EXERCISE PROMPT: Using the records below, give again exactly the lines from the line that contains "Ragi Kana is" through the line that contains "Tory Burch Floral print dress | Women's ...", both ends included, and only those.

··· DATA TO USE

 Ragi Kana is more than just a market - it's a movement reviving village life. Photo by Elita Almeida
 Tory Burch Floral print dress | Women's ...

······
··· DATA TO USE

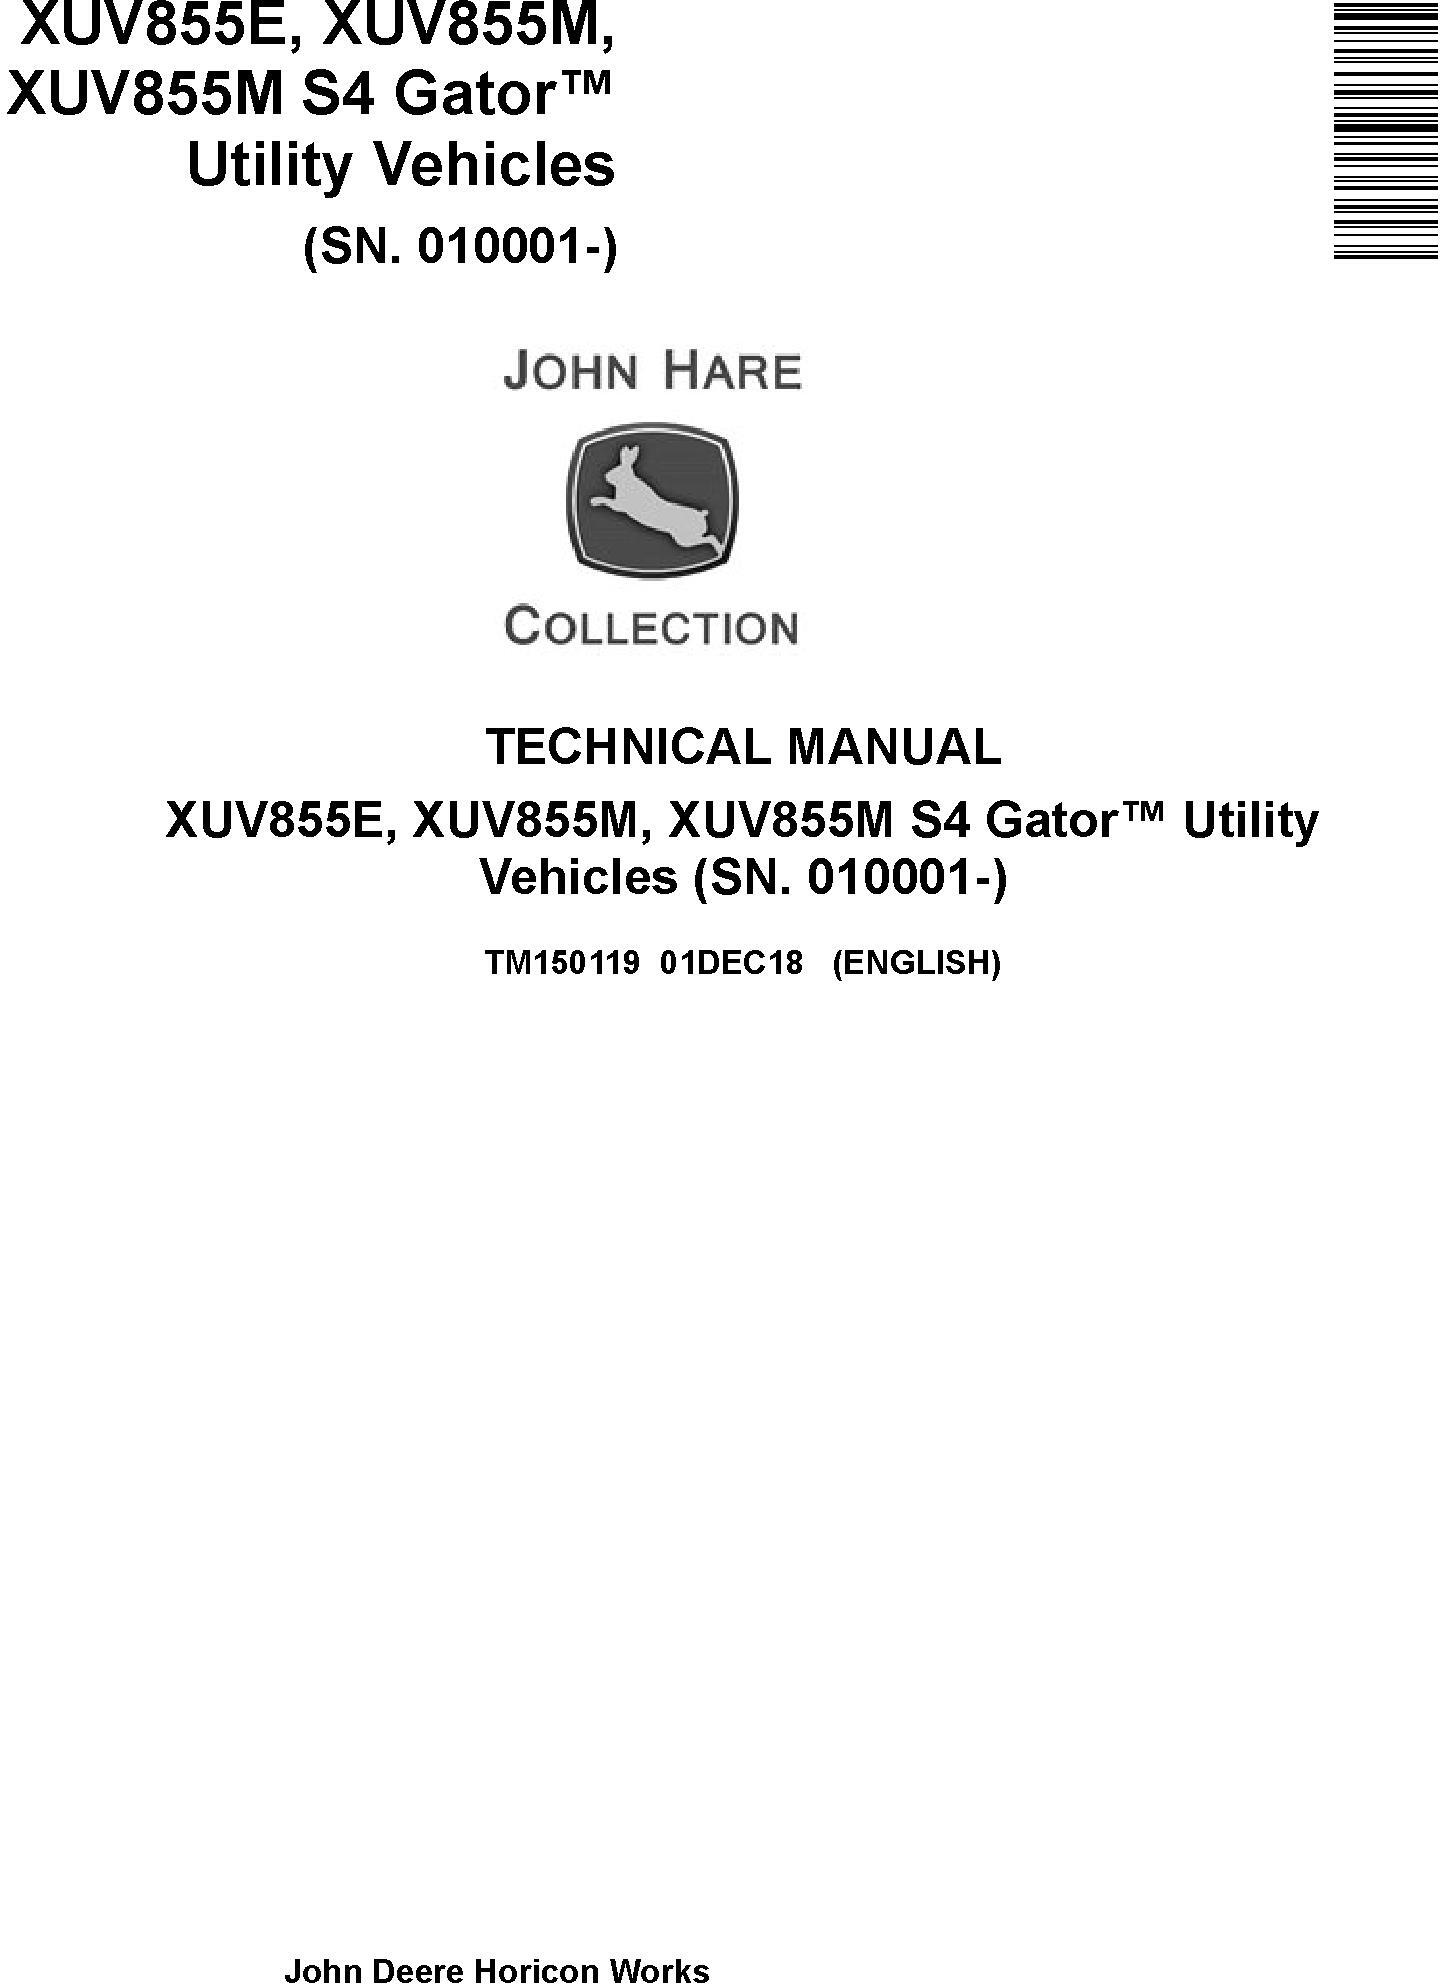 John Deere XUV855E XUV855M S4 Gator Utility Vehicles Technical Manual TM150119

······

OUTPUT BELOW:
 Ragi Kana is more than just a market - it's a movement reviving village life. Photo by Elita Almeida
 Tory Burch Floral print dress | Women's ...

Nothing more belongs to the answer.